Bir değirmenci zamanla fakir düştü ve elinde değirmeniyle bir elma ağacından başka bir şey kalmadı. Günün birinde odun toplamak için ormana gitti. Orada daha önce hiç görmediği bir adamla karşılaştı. Adam ona, "Ne diye odun kesmekle uğraşıyorsun, değirmenin arkasında duranı bana vereceğine dair bir kâğıt imzalarsan seni zengin ederim!" dedi. "Değirmenin arkasında elma ağacından başka ne var ki?" diye düşünen değirmenci kâğıdı imzaladı. Adam gülerek "Uç yıl sonra gelip bana ait olan şeyi alacağım!" dedi.
Değirmenciyi eve döndüğünde karısı karşıladı. "Baksana bey, evimize bu zenginlik nereden geldi? Her tarafta sandık var ve hepsinin içi tıka basa dolu; buraya hiç kimse girmedi, peki nasıl oldu bu iş?" diye sordu.
Adam cevap verdi: "Bunu ormanda rastladığım adam yaptı. Bana büyük bir hazine verecekmiş. Buna karşılık ben ona evin arkasında duran şeyi vereceğime dair bir kâğıt imzaladım. Orada elma ağacından başka bir şey yok. Onu versek ne çıkar ki?"
"Eyvah" dedi kadın, "O adam şeytandı. Elma ağacını kastetmedi, o sırada evin arkasında duran, sonra avluya geçen kızımızı kastetti."
Değirmencinin kızı çok güzel, çok namuslu ve çok dindardı. Şeytanın onu alma zamanı gelip çattığında elini yüzünü yıkayarak etrafına tebeşirle bir daire çizdi.
Şeytan o gün erkenden çıkageldi, ama dairenin içine giremedi.

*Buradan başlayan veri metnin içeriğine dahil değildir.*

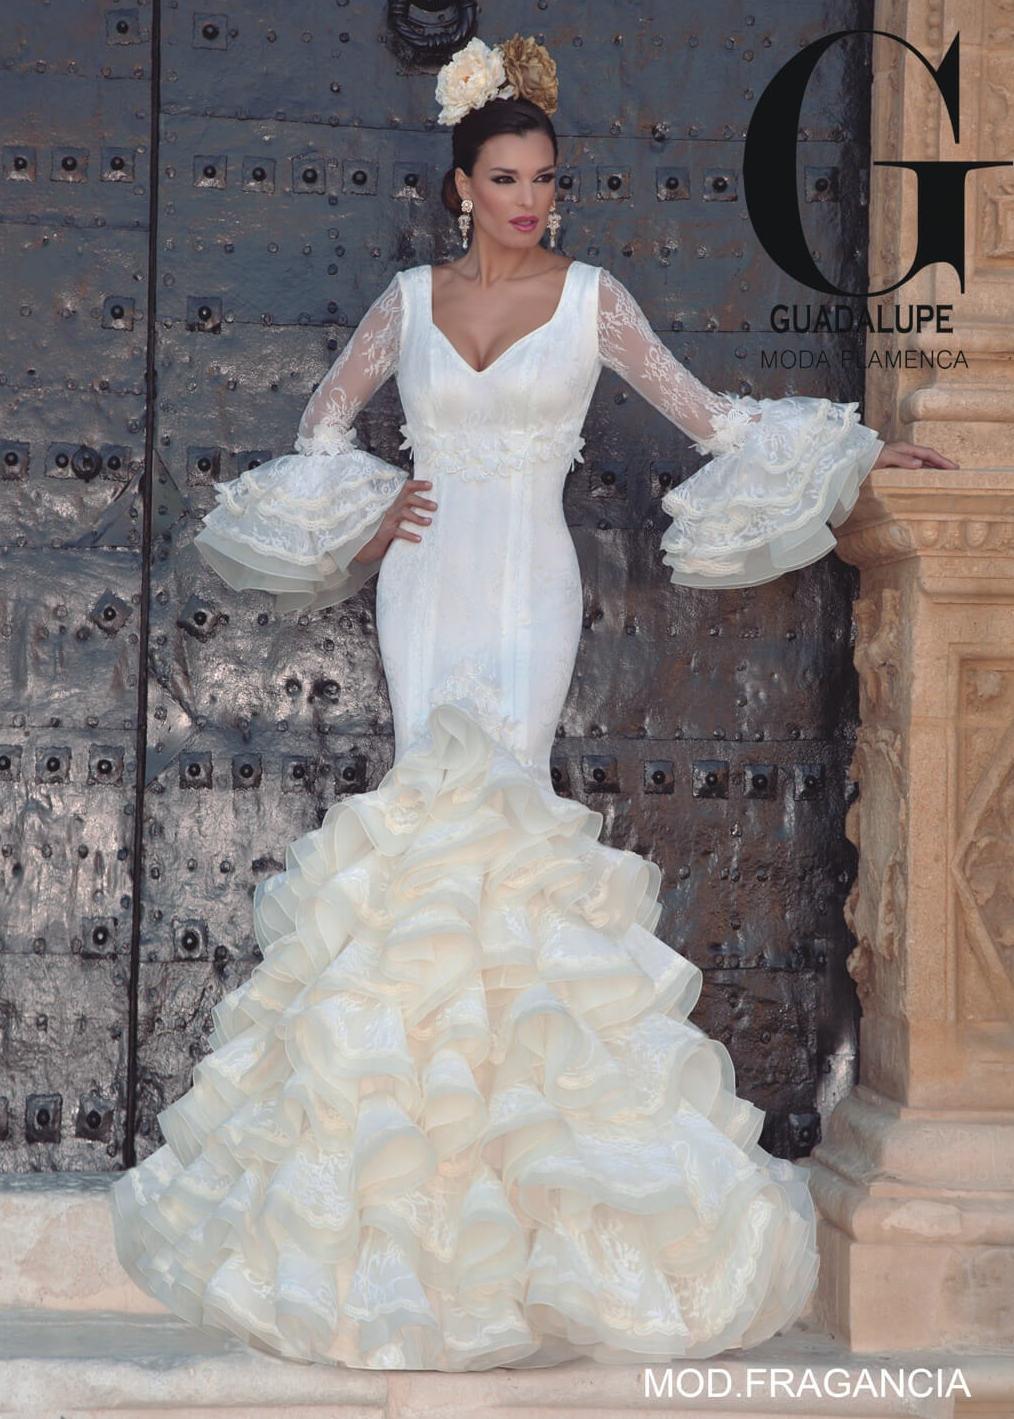 Foto 58 de Vestidos de novia y madrina en Tomelloso, Ciudad Real en Tomelloso | Caprichos
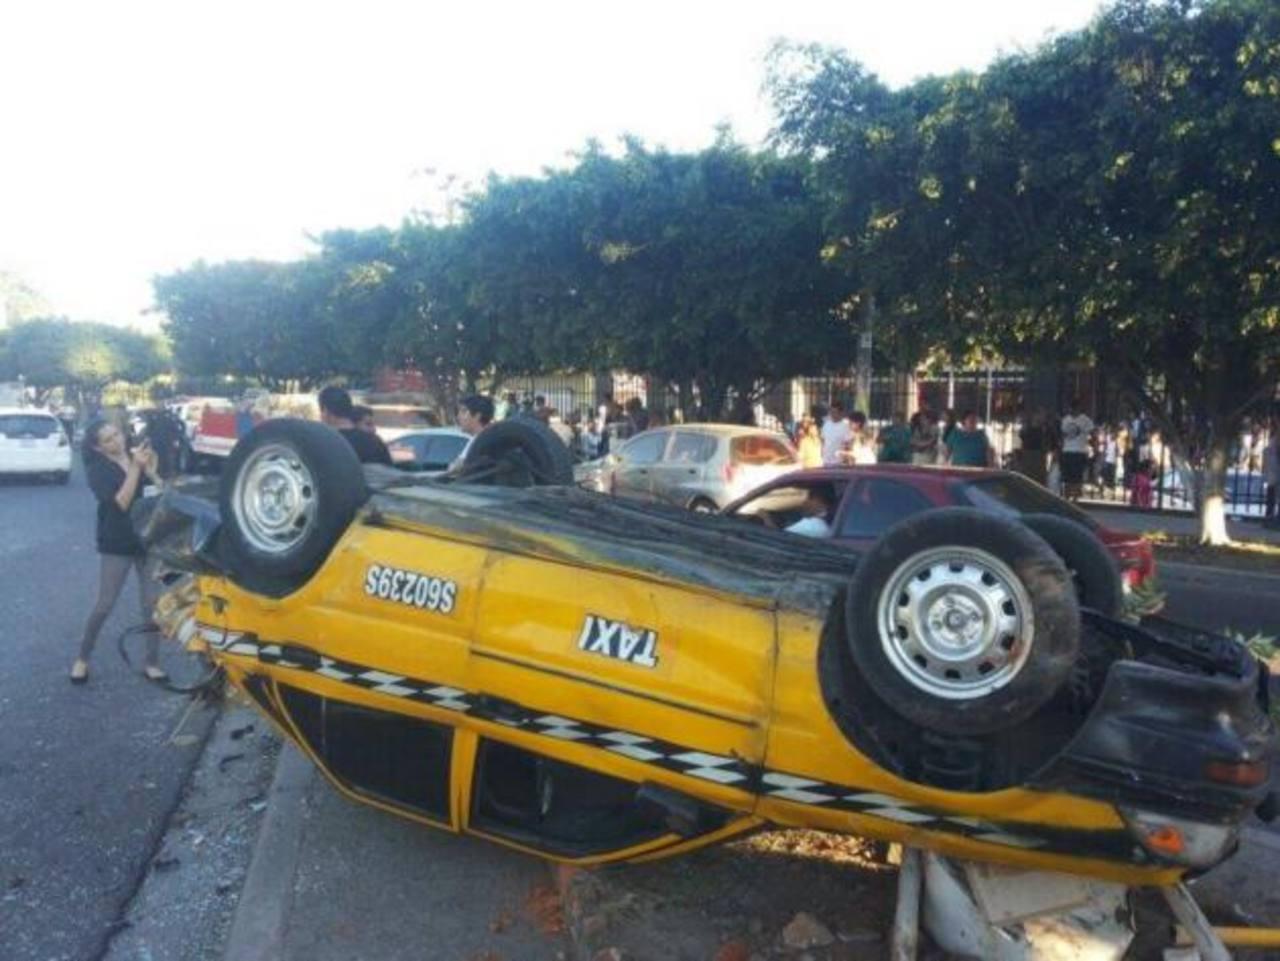 Un camión perdió los frenos e impactó a varios vehículos en Soyapango. Hubo cinco lesionados.

Öfkeyle değirmenciye çattı ve "Kızının eline su değmesin, yoksa etkili olamıyorum!" dedi.
Değirmenci korktu ve söyleneni yaptı.
Ertesi sabah şeytan yine geldi; ama kız ellerini kutsanmış suyla yıkamış ve arınmıştı. Şeytan yine ona yaklaşamayınca değirmenciye bağırdı: "Kes onun ellerini, yoksa ona hiç yaklaşamayacağım!"
Değirmenci çok korktu ve şöyle cevap verdi: "Kendi kızımın ellerini nasıl keserim ben!"
Şeytan tehdit savurdu: "Bunu yapmazsan onun yerine seni alır giderim, çünkü sen bana aitsin artık!"
Değirmenci çok korkarak sözünü tutacağını söyledi. Kızının yanma vararak, "Bak kızım, senin her iki elini kesmezsem şeytan gelip beni alacakmış. Ben de çok korktum ve ona söz vermiş bulundum. Bana yardım et ve sana kötülük ettimse beni affet!" dedi.
"Babacığım, ben senin çocuğunum. Ne istersen onu yap!" diyen kız ellerini uzattı ve onları kestirtti.
Şeytan üçüncü kez çıkageldi, ama kız o kadar uzun zaman ağlayıp gözyaşı döktü ki, eli yüzü sırılsıklam oldu ve böylelikle arındı!
Bunun üzerine şeytan da yumuşadı ve kızın üzerindeki tüm haklarını kaybetti.
Değirmenci kızına, "Senin sayende çok zengin oldum. Şimdi söyle, sana ne istersen alayım" dedi.
"Ben burada artık duramam, gideceğim. Nasıl olsa bana acıyan çıkar!" diye cevap verdi kız.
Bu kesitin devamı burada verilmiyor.